_DATASET CONTENT_

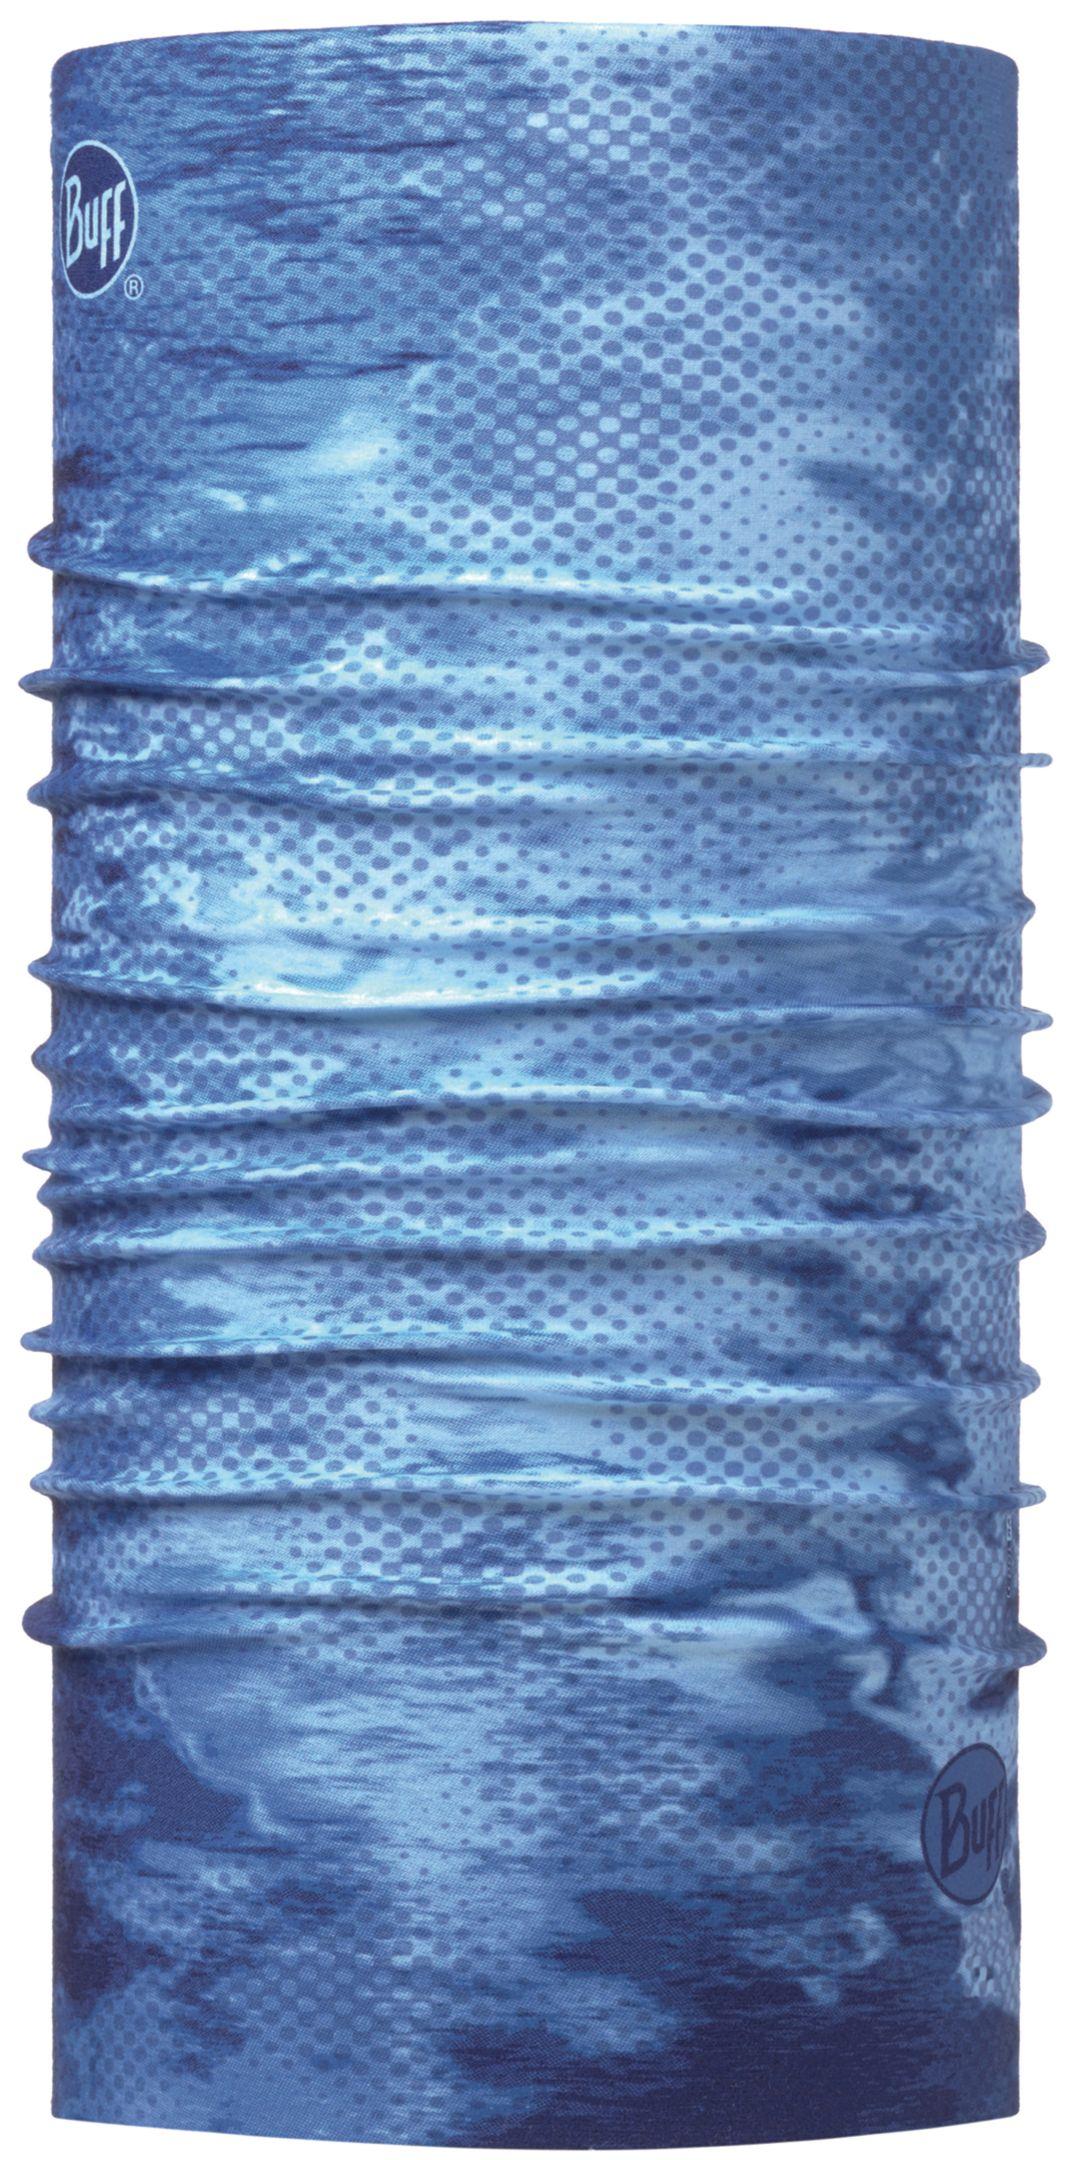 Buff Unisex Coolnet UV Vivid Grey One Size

--

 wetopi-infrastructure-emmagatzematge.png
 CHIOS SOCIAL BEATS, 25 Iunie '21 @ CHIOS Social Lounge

_WHAT THIS TASK INVOLVES_
In the data above, find the line that contains "wetopi-infrastructure-emmagatzematge.png" and the line that contains "CHIOS SOCIAL BEATS, 25". Repeat exactly those lines and every line between them, and only those.

_EXERCISE RESULT_
 wetopi-infrastructure-emmagatzematge.png
 CHIOS SOCIAL BEATS, 25 Iunie '21 @ CHIOS Social Lounge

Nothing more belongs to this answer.